Biological Evolution and Information Acquisition

Jun 11, 2026

A few weeks ago we looked at a simulation of technological evolution by economist Brian Arthur, in which he was able to start with simple building blocks (such as a NAND gate) and evolve surprisingly complex circuits (such as a 12-way AND gate or a 4-bit adder) by randomly combining increasingly useful existing components. We analyzed this as a way of simplifying a search problem: by using existing, working components as modules that can be combined, a few at a time, into more complex modules, and then combining those into even more complex modules, many unpromising and time-consuming branches of the search tree are screened off, and the simulation can find useful technologies amidst an enormous branching set of possibilities.

Real human technology is, of course, not generated by randomly combining components together and seeing if they do anything useful; the randomness in these simulations is just a way to see how easy or hard it is to create new technologies under different conditions. But biological technology — the huge panoply of lifeforms that exist on earth, from microscopic single-celled organisms to whales the size of a 737 — is also generated by randomness. Evolution builds biological technology bit by bit by harvesting the fruits of genetic variation, often caused by random mutation, preferentially selecting the most fit organisms to propagate their genes into the future. Over billions of years, this process can generate astoundingly complex biological systems.
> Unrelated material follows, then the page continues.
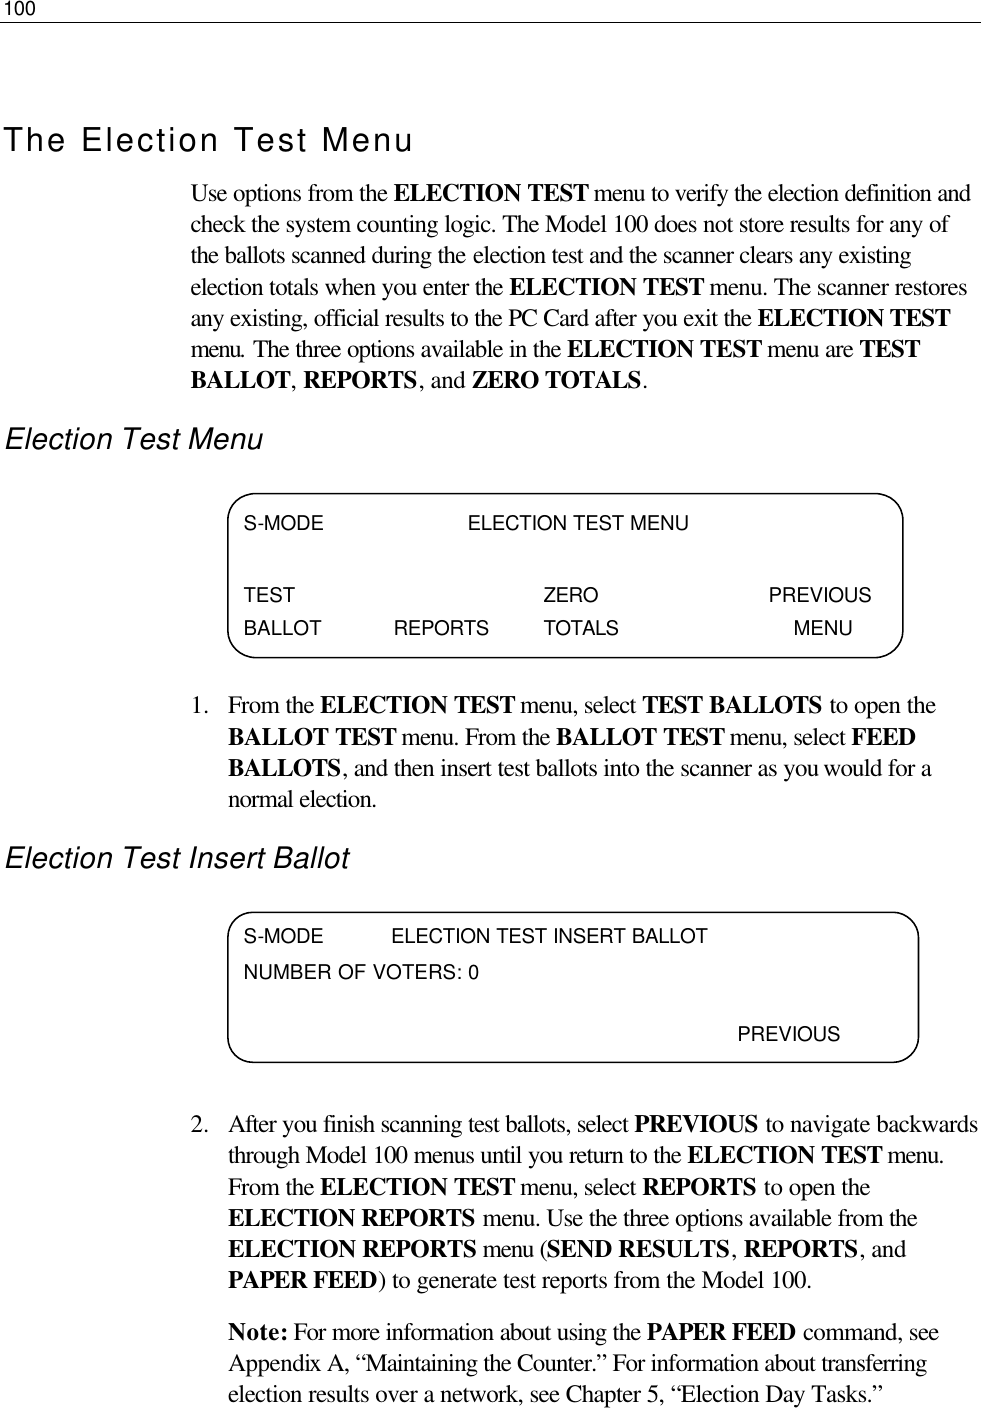 100   The Election Test Menu Use options from the ELECTION TEST menu to verify the election definition and check the system counting logic. The Model 100 does not store results for any of the ballots scanned during the election test and the scanner clears any existing election totals when you enter the ELECTION TEST menu. The scanner restores any existing, official results to the PC Card after you exit the ELECTION TEST menu. The three options available in the ELECTION TEST menu are TEST BALLOT, REPORTS, and ZERO TOTALS. Election Test Menu     1.  From the ELECTION TEST menu, select TEST BALLOTS to open the BALLOT TEST menu. From the BALLOT TEST menu, select FEED BALLOTS, and then insert test ballots into the scanner as you would for a normal election.  Election Test Insert Ballot     2.  After you finish scanning test ballots, select PREVIOUS to navigate backwards through Model 100 menus until you return to the ELECTION TEST menu. From the ELECTION TEST menu, select REPORTS to open the ELECTION REPORTS menu. Use the three options available from the ELECTION REPORTS menu (SEND RESULTS, REPORTS, and PAPER FEED) to generate test reports from the Model 100.  Note: For more information about using the PAPER FEED command, see Appendix A, “Maintaining the Counter.” For information about transferring election results over a network, see Chapter 5, “Election Day Tasks.” S-MODE                       ELECTION TEST MENU  TEST    ZERO   PREVIOUS BALLOT REPORTS TOTALS        MENU      S-MODE           ELECTION TEST INSERT BALLOT       NUMBER OF VOTERS: 0         PREVIOUS  
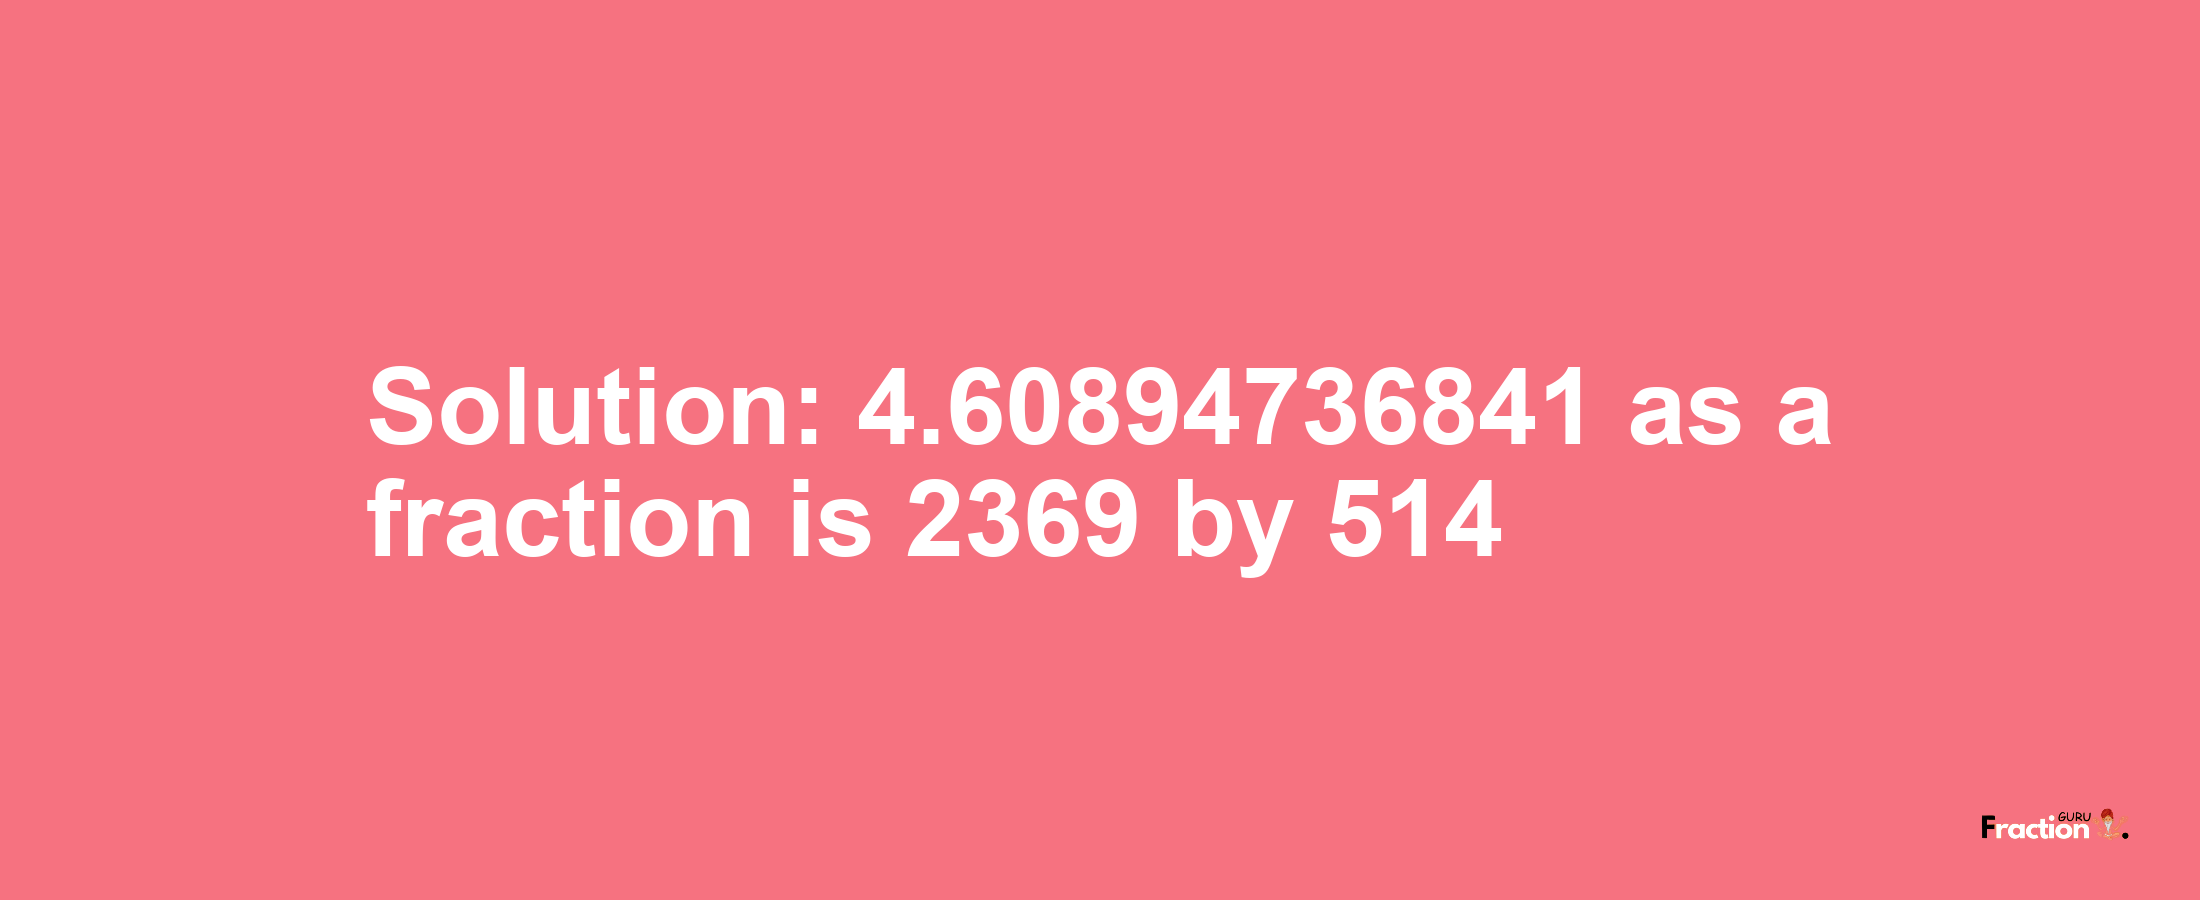 Solution:4.60894736841 as a fraction is 2369/514

What’s interesting is that biological evolution uses a very similar trick to Arthur’s circuit simulation. By leveraging modularity at the genetic level, populations of organisms can increase the rate that useful genetic variants spread through the population, effectively increasing their rate of information acquisition. Sexual reproduction, along with other ways of sharing genetic material like horizontal gene transfer, is essentially a mechanism for doing this. We can show this with some simple simulations.

Evolution and reproductive strategies

The simplest way for an organism to reproduce is asexual reproduction, where a parent produces a child that’s a genetic copy of itself. Simple single-celled organisms, for instance, reproduce by cellular fission, dividing into two or more “children” that each have the same genes as the original parent.

But children won’t necessarily be identical copies of their parents. Due to genetic mutation, some genes might get randomly altered during the fission process, producing children with slightly different genes. In some cases, these mutations might be useful, giving additional functionality such as antibiotic resistance and thus better odds of surviving and reproducing. Because of their contribution to the organism’s fitness, over time the useful mutations will become more and more common in the population.

We can demonstrate this with a simple simulation. In our simulation, we start with a population of 100 creatures, each of which has a genome of 200 individual genes. A gene can either be a 1 (the “good” version of the gene) or a 0 (the “bad” version of the gene). The initial population is random, with each creature having roughly a 50-50 mix of good and bad genes. Each iteration of the simulation, each creature produces two children. A child copies the genes of its parent, but due to mutation each gene has a 0.2% chance of being flipped, going from a 1 to a 0 or vice versa. The 100 most fit children (where fitness is just the sum of each gene value, since 1 is the “good” version of the gene in our simplified model) are selected to continue the next generation, and the cycle repeats. This is a simplification compared to how evolution actually functions — for one, it treats genes as contributing to fitness independently, ignoring the fact that the fitness value of one gene often depend on other genes — but it’s enough to show some of the dynamics at work.

When we run this simulation, the proportion of “good” genes in the population steadily rises over time as more-fit offspring outcompete less-fit offspring. Depending on the mutation rate, the population may eventually reach maximum possible fitness of 200, or plateau at some level below it.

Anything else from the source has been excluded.